Using the library instead of the binary has four advantages: it avoids parsing the printed output of the binary, it yields a cleaner code, it should speed up the time needed for the queries, and it makes us depend less on a binary whose future is uncertain. For the pen-ultimate statement about the speed-up, let's have a look at the CI and how long it takes for each step compared to before to see if that's actually true.

I'm already opening the PR to discuss if this is something we want to go forward with before doing the last things I'd do:

have a look at what exactly env does when querying dependency state and possibly adapt it to what we need
find out if the information stored in Opam.GlobalObts should still be used, also when making the queries via the library (it was used before and currently I'm not using it anymore)
have a look if what I've done so far can be sped-up a bit more. I think the two places taking up time at the moment is loading the sandbox switch state to find the installed files by a tool and loading a virtual switch state to load a map with all opam packages to find out the version of the tools we want to install.
take advantage of that now we're using the library to avoid passing around strings all the time and pass around more specific types instead (e.g. OpamPackage.Name.t).
generally, clean up a bit

If I remember correctly, the last time you tried using the library, you discarded doing that for the following reasons:

supposedly it's more complicated. I don't think I agree with that. I think the code stays similarly complex as it was before but becomes far cleaner now: see comments from before about not parsing the binary output anymore (which could be re-formatted at any time) and about using more specific types. Let me know if you still disagree though, please!
different versions of the opam library in the binary installed by the user and the one we're using can lead to opam failures. To avoid that happening, I only load the switch state with read_only lock. For installing, we're still using the binary...
it doesn't even speed-up things. I would be a bit surprised if that was true to be honest, but it's possible. Let's see what the time of the CI says.
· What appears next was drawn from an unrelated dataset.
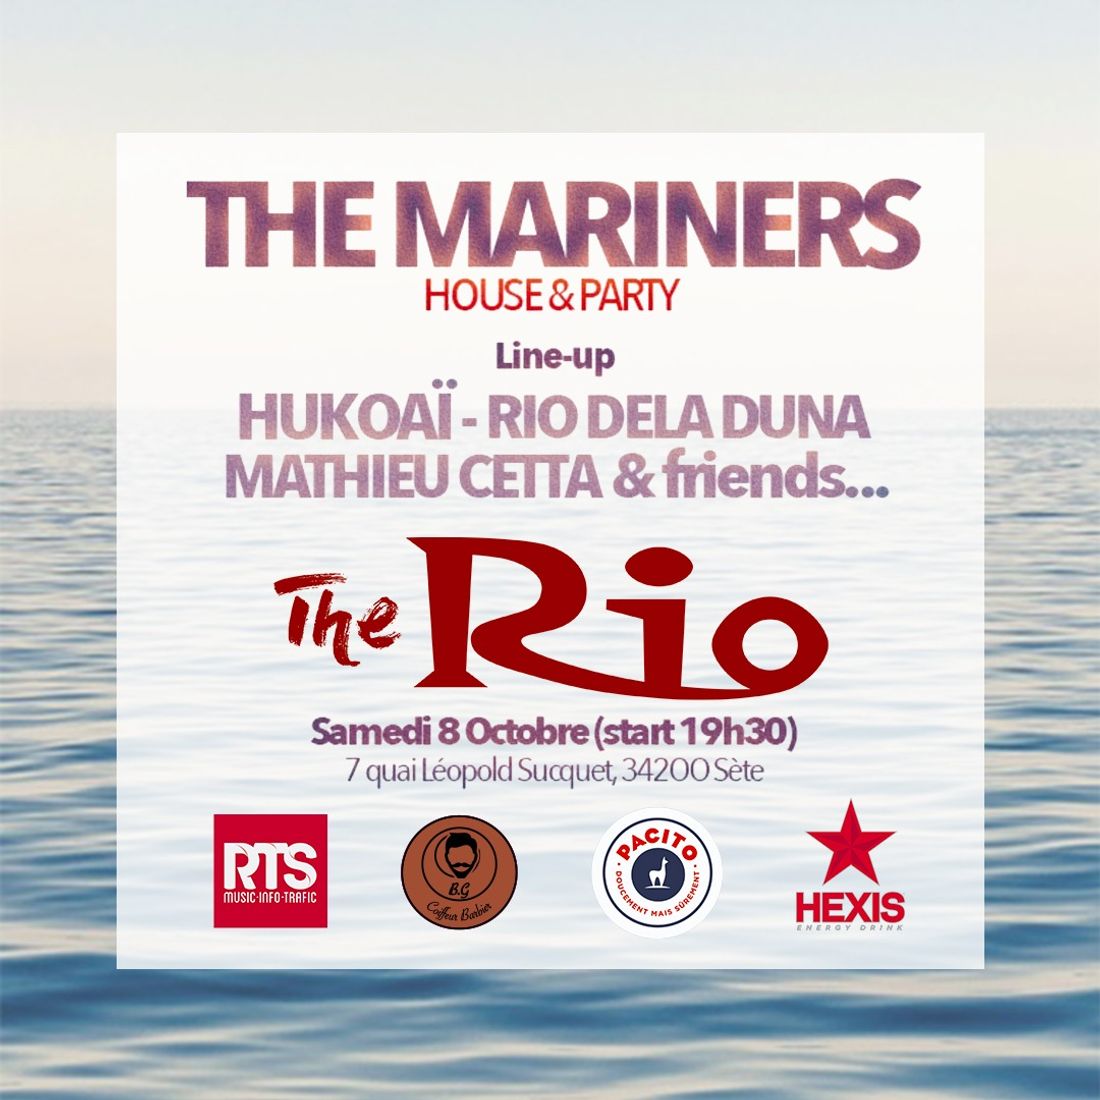 Sète : la soirée “The Mariners” revient pour une 3e édition
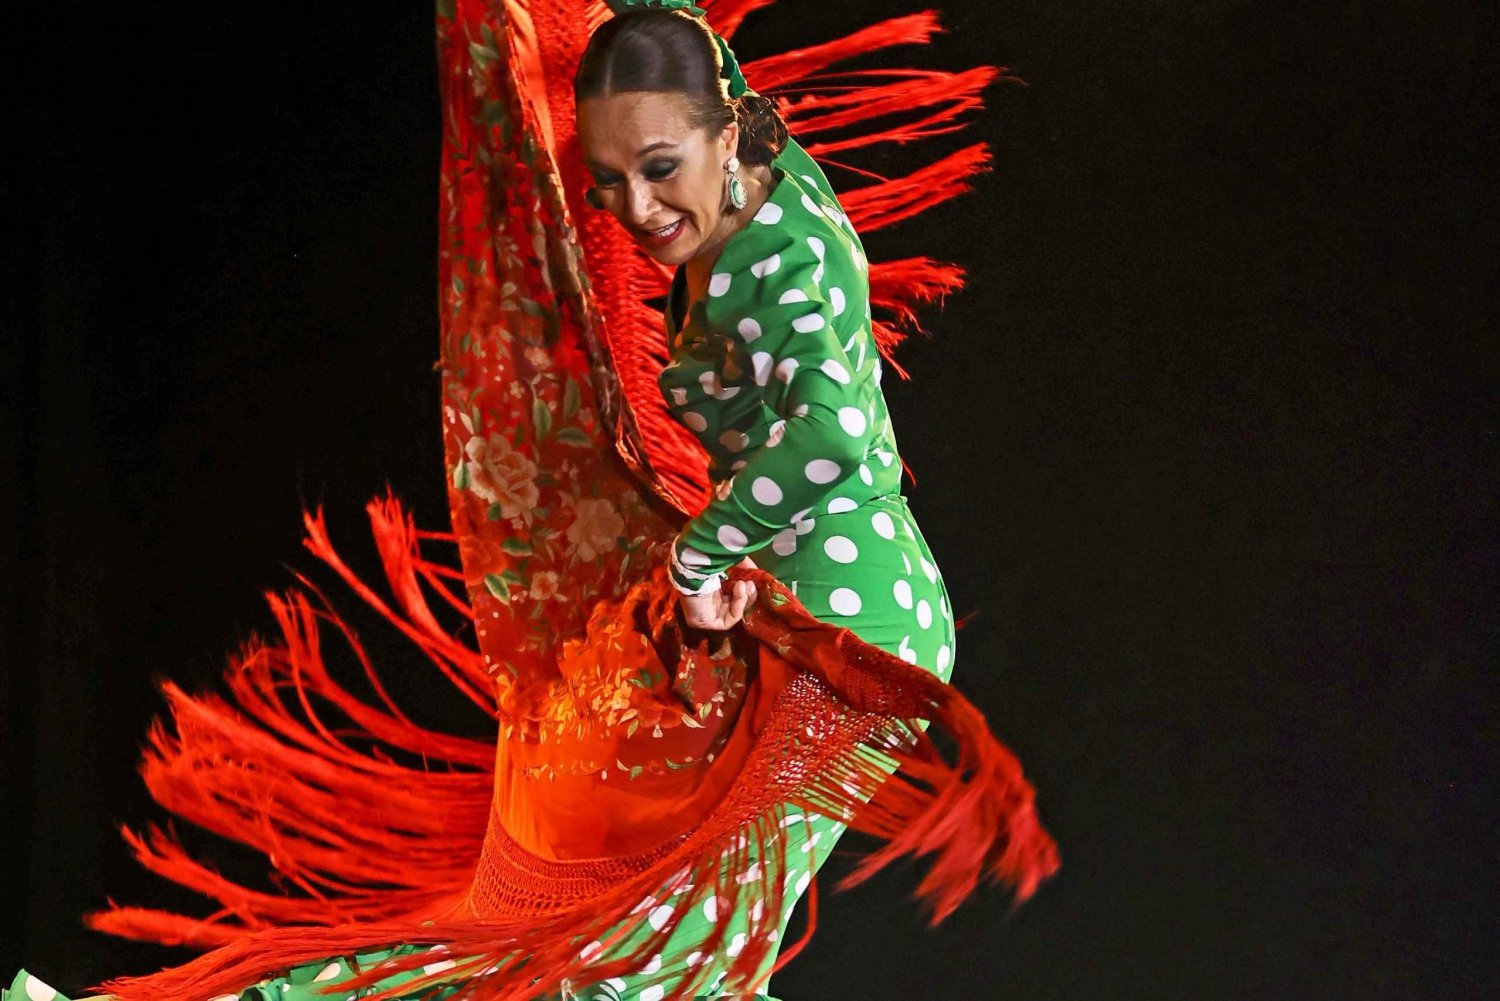 Palma: Flamencoshow på Tablao Flamenco Alma med tilhørende drink

Let me know what you think about this PR in general please to see if it's worth spending the time to improve the things mentioned above!

Using the library instead of the binary avoids parsing the output of the binary, yields a cleaner code and should spead up the time needed for the queries.

pitag-ha · 2022-06-27T12:12:48Z

About my sentence

For the pen-ultimate statement about the speed-up, let's have a look at the CI and how long it takes for each step compared to before to see if that's actually true.

Actually, I guess it's better to try that locally instead of relying on the CI server... If this point is relevant for you to decide, let me know and I try locally.

panglesd

Here is a first set of comments. In addition to the comment in the code:

I do not agree with changing all the Ocaml_version.t to OpamPackage.t, the former is what we need, and it avoids having to call for the version of a package several times...
Why not having the with_* functions wrapped into more standalone functions? It seems that the switch_state is never used more than once, so that won't really make it longer... (for now, so maybe we should keep it as it is) (EDIT: I do not think we should modify this anymore)

panglesd · 2022-06-27T18:10:21Z

src/lib/binary_package.ml

+  match Fpath.of_string path with
+  | Error (`Msg s) -> Error (`Msg s)


Why changing the type of path from Fpath.t to string And if you do so, why not using the let* syntax?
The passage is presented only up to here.